Integral with hyperbolic functions I need to compute: 
$$ \int_{x^2+y^2=1} \frac{\sinh(x)dy- \sin(y)dx}{\cosh(x)-\cos(y)}$$ where the circle $x^2 + y^2 = 1$ is oriented anticlockwise. So, can somebody show me how? I found the antiderivative (which is equal to $2\arctan [\coth(\frac{x}{2}) \cdot \tan(\frac{y}{2})])$, but it's not defined for line $x=0 $ and line $y=0$. So I guess we need some tricky substitution here, but I have no idea. Please, may somebody help?
 A: But you are almost there! 
Take your antiderivative
$$ F(x,y)=2\arctan\left(\coth\frac{x}{2}\cdot\tan\frac{y}{2}\right)$$
and compute its value at some point of the unit circle. For example, let us take the point $A_+=(0^+,-1)$. The argument $g(x,y)=\coth\frac{x}{2}\cdot\tan\frac{y}{2}$ then tends to $-\infty$, we can fix $F(A_+)$ to be e.g. $-2\cdot\frac{\pi}{2}$ and define $\arctan$ as function with values in $\left(-\frac{\pi}{2},\frac{\pi}{2}\right)$. 

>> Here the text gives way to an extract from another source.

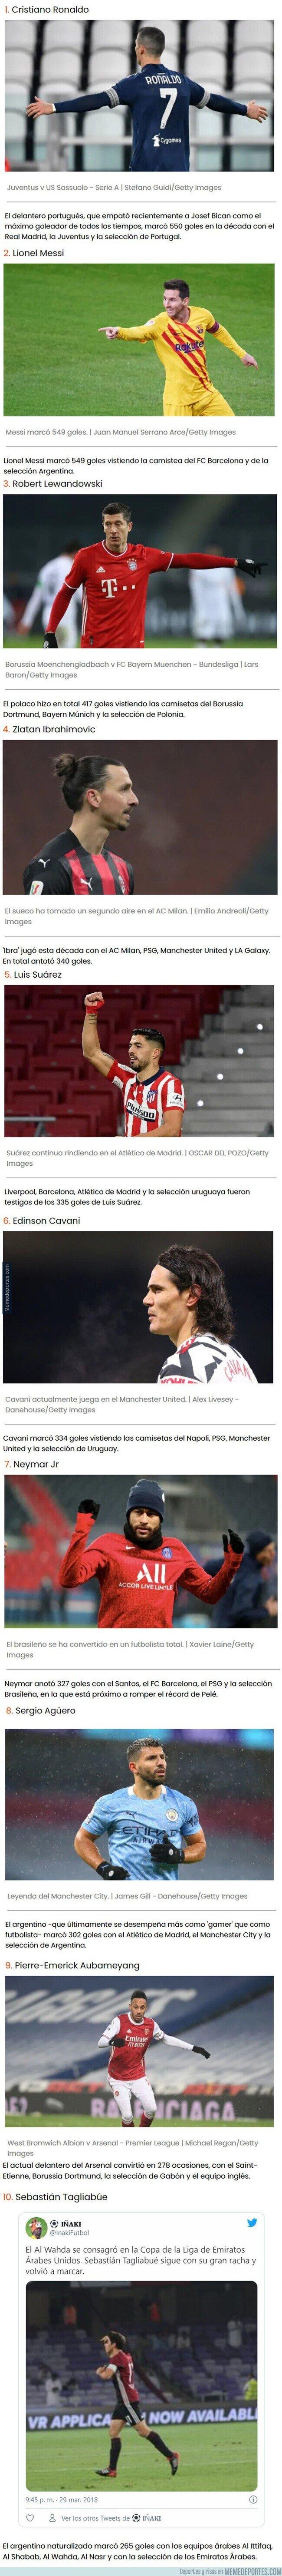 1125394 - Cristiano y nueve más: Los 10 máximos goleadores de la década según la IFFHS

Next move counterclockwise requiring that $F(x,y)$ varies continuously. Note that since $y\in[-1,1]$, $\tan\frac{y}{2}$ is never infinite and we have to care only about $\coth\frac{x}{2}$. We will not encounter any problems, however, until we reach the point $B_+=(0^+,1)$ where $g\rightarrow +\infty$ and $F(B_+)=2\cdot\frac{\pi}{2}$. Hence the integral over the corresponding half of unit circle is $F(B_+)-F(A_+)=2\pi$.
Now pass from $B_+$ to $B_-=(0^-,1)$. Then $g(x,y)$ jumps from $+\infty$ to $-\infty$. Since we want to keep the same value of $F$ (equal to $\pi$), we now have to consider another branch of $\arctan$, namely taking the values in $\left(\frac{\pi}{2},\frac{3\pi}{2}\right)$. Continuing to move counterclockwise, we finally arrive to the point $A_-=(0^-,-1)$, where $g\rightarrow+\infty$ so that $F(A_-)=3\pi$. Hence the second half of the unit circle contributes $F(A_-)-F(B_-)=2\pi$ to the integral so that its total value is $4\pi$.
A: Given the integral:
$$\int_0^{2\pi} f(\theta) d\theta = \int_0^{2\pi} \frac{\cos(\theta) \sinh(\cos(\theta))+ \sin(\theta)\sin(\sin(\theta))}{\cosh(\cos(\theta))-\cos(\sin(\theta))} d\theta$$
Looking at $f(\theta-\pi/2) +f(\theta)$ you may see it's bounded (numerically) by $4 \pm \sim 0.004$. Thus, $f$ may be approximated by $f(x) \simeq 2 + g(x)$, where $g(x)=-g(x-\pi/2)$, and therefore the entire integral may be approximated by $4\pi$.